MMA

Gunnar Nelson, Rick Story und Dennis Siver bei UFC Schweden

Gunnar Nelson wird am Samstag seinen ersten UFC-Hauptkampf gegen Rick Story bestreiten (Foto: Zuffa LLC).

Zum dritten Mal wird die UFC am kommenden Samstag in Skandinavien Halt machen – kurzzeitig war vor einigen Monaten die Idee im Gespräch, den ursprünglich geplanten Rückkampf zwischen Jon Jones und Alexander Gustafsson in Schweden abzuhalten, letztlich ist es nun aber doch nur eine Fight Night geworden.

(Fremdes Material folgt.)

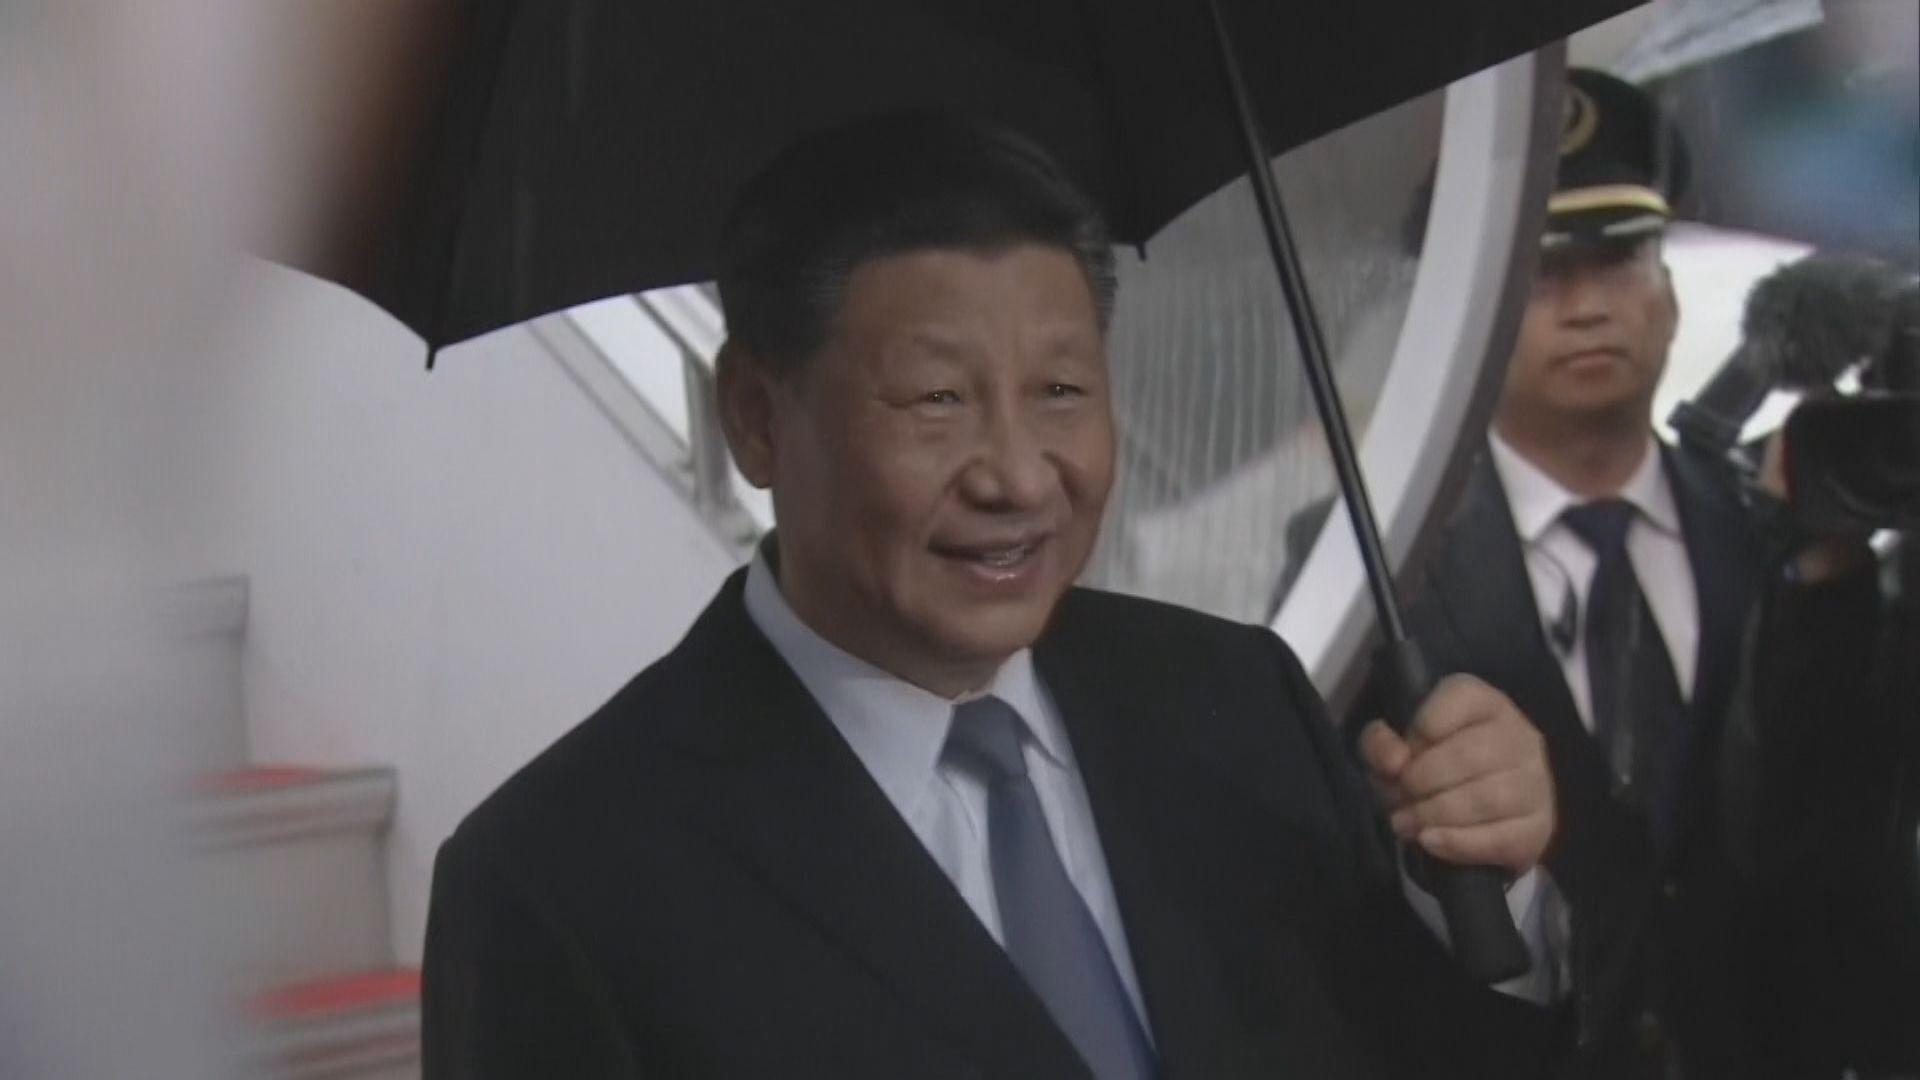 報道引述消息指中美兩國同意暫停貿易戰

Ein weiteres Mal veranstaltet die Organisation dabei zwei Events an einem Tag auf unterschiedlichen Kontinenten – nur wenige Stunden nach UFC Stockholm werden sich auf der anderen Seite des Atlantiks im kanadischen Halifax die Pforten des Octagons öffnen.

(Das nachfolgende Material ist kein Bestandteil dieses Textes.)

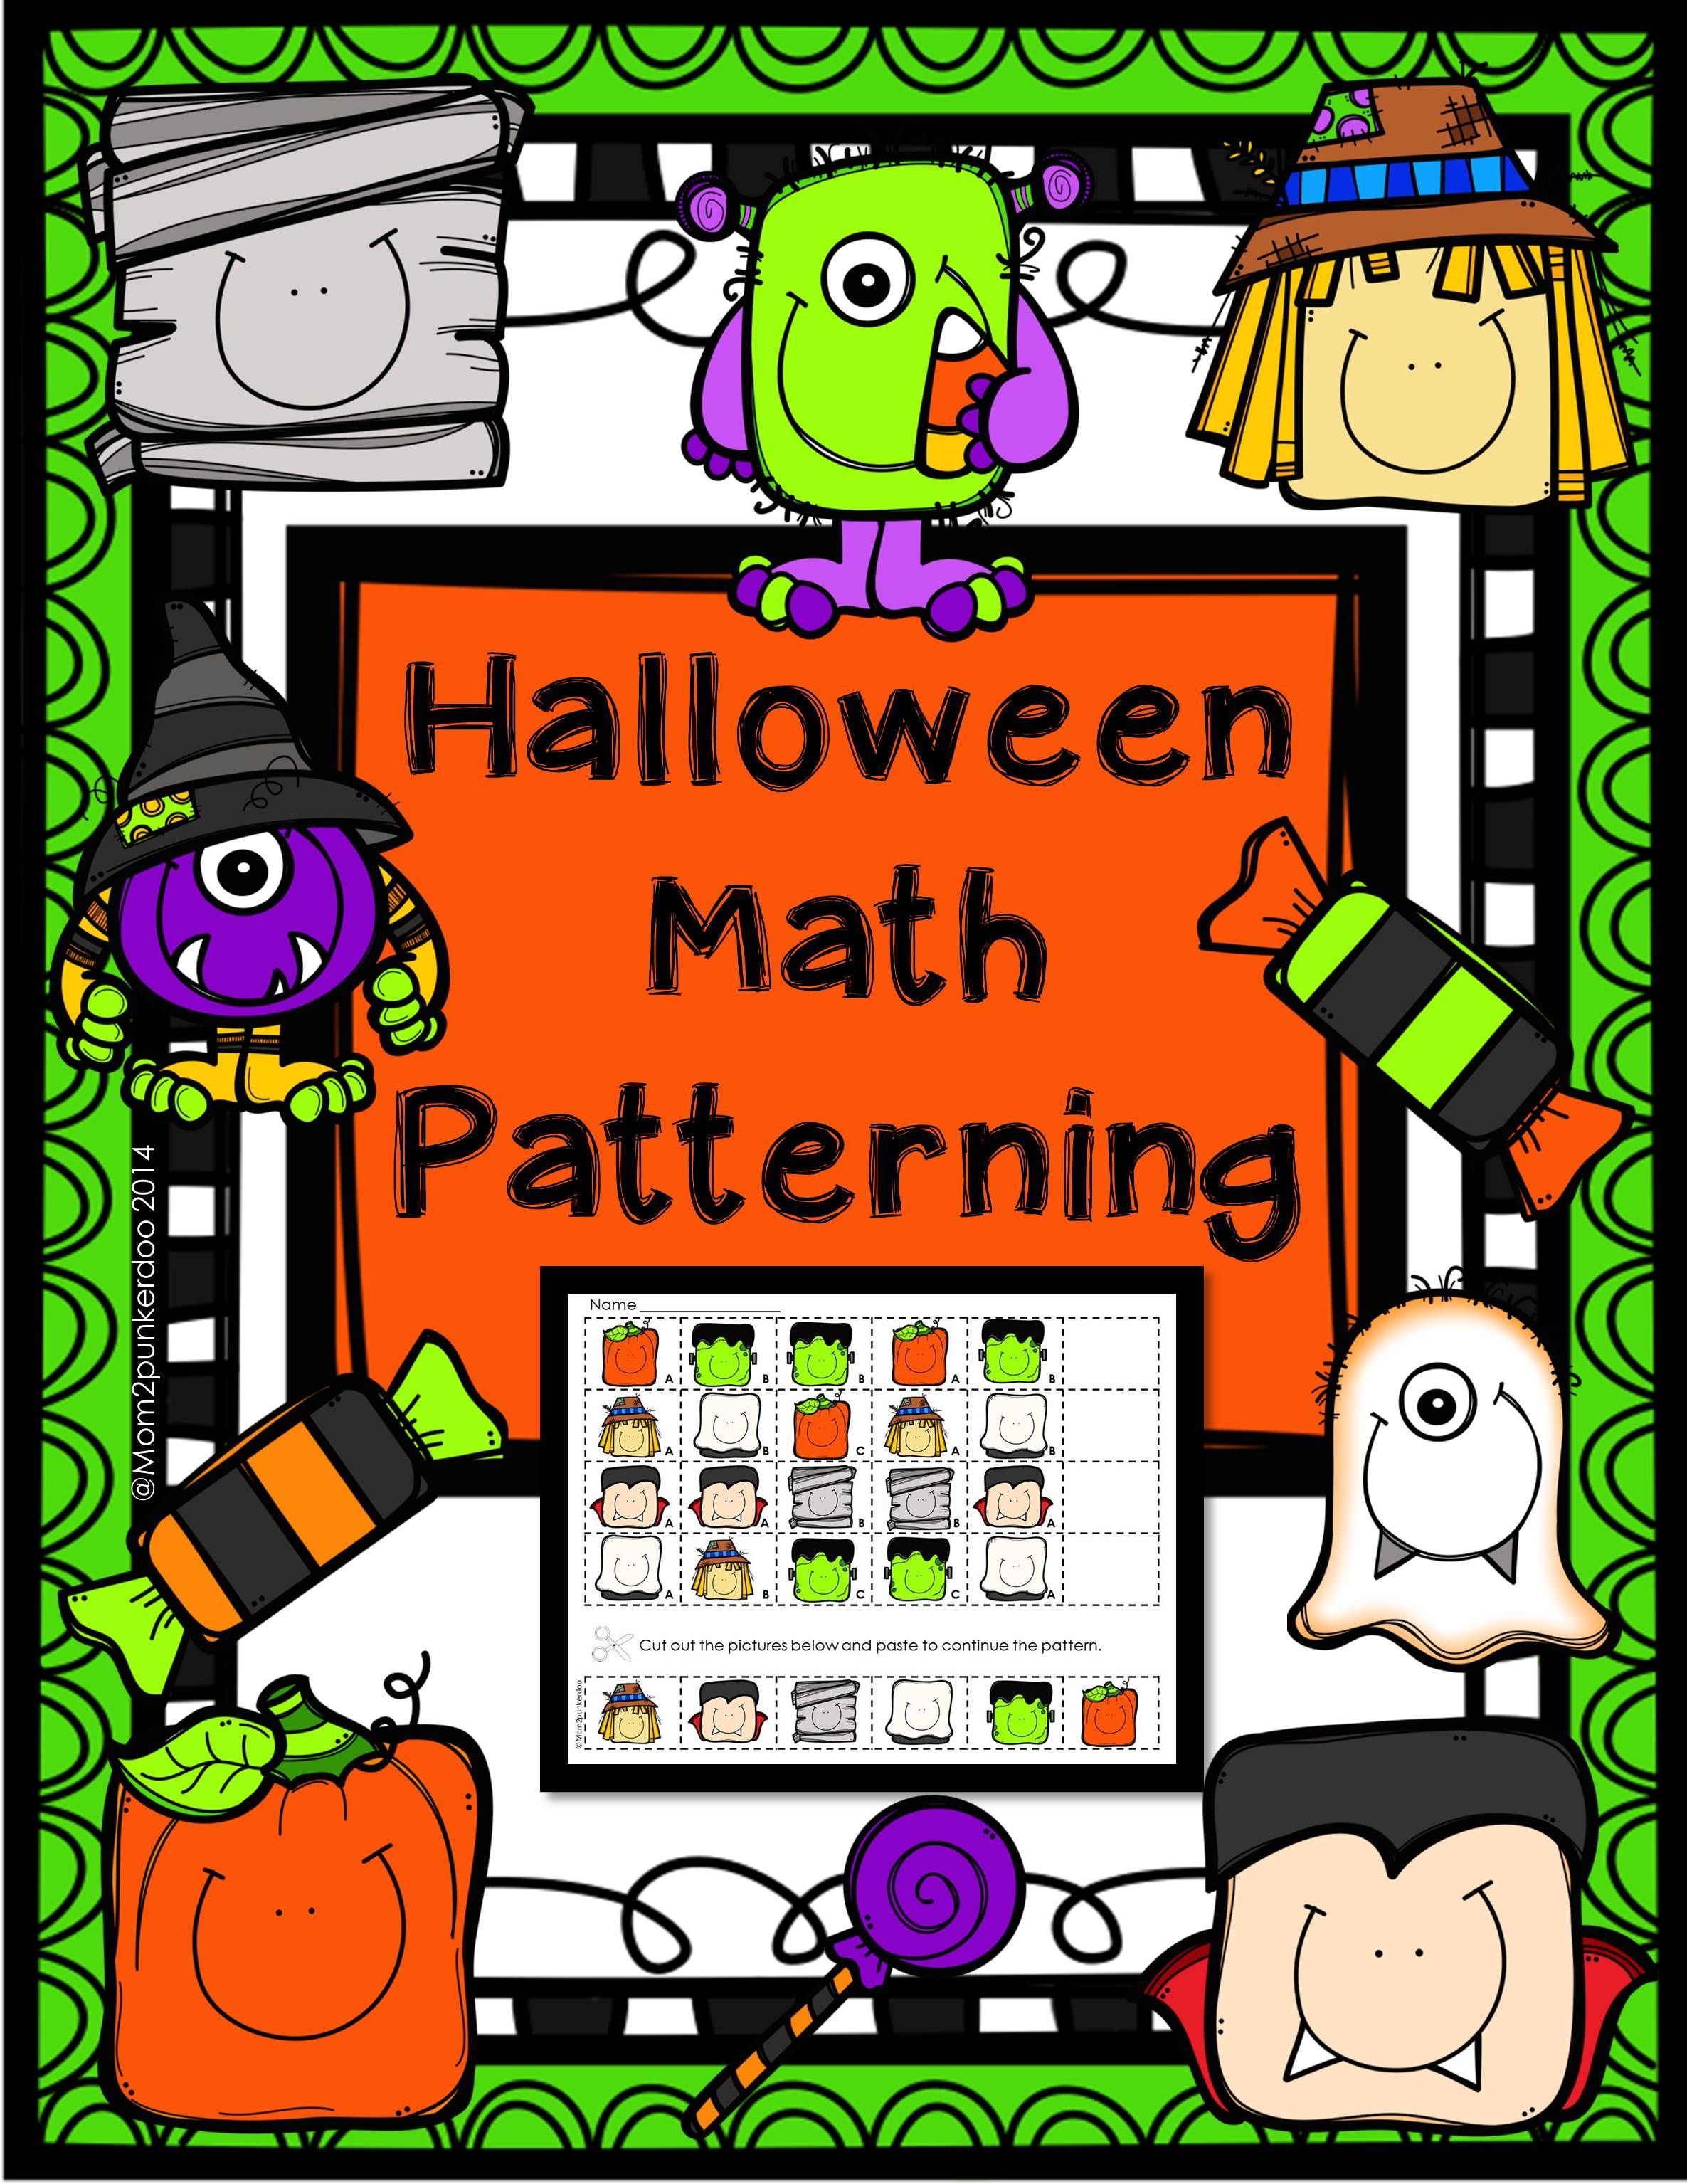 Halloween Math Patterning Halloween math, Math patterns

Die UFC Fight Night 53 kann in Deutschland über den UFC Fight Pass verfolgt werden, der im Abo ab monatlich 5,99 Euro auf ufc.tv erhältlich ist.

Gunnar Nelson vs. Rick Story
Mixed Martial Arts sind in Island immer noch verboten, laut eigener Aussage halten sich die Insel-Bewohner daher gerne an ihre schwedischen (Fast-) Nachbarn, wenn es um professionelle Kämpfe im Käfig geht. Etwas ironisch also, dass der Vorreiter des isländischen MMA am kommenden Wochenende die dritte UFC-Show des skandinavischen Landes anführen wird. Für Gunnar „Gunni“ Nelson (13-0-1) wird sein Kampf gegen Rick „The Horror“ Story (17-8) der erste Hauptkampf seiner immer noch recht jungen UFC-Laufbahn sein.

„Gunni“ debütierte im September 2012 bei UFC Nottingham im Octagon, wo er eigentlich auf Pascal Krauss treffen sollte, der jedoch mit einer Schulterverletzung absagen musste. Stattdessen trat Nelson gegen DaMarques Johnson an und fertigte den „The Ultimate Fighter“-Veteranen in nur dreieinhalb Minuten durch Aufgabe ab. Es folgten zunächst ein Punktsieg gegen Jorge Santiago und anschließend eine über einjährige, verletzungsbedingte Pause. Seitdem Nelson im März dieses Jahres wieder aktiv ist, konnte er dafür jedoch noch stärker überzeugen als zuvor – Aufgabe-Siege gegen Omari Akhmedov und Zak Cummings haben dem BJJ-Ass und Karate-Schwarzgurt nun seinen ersten Hauptkampf und damit einhergehend die meiste Aufmerksamkeit seiner bisherigen Karriere eingebracht.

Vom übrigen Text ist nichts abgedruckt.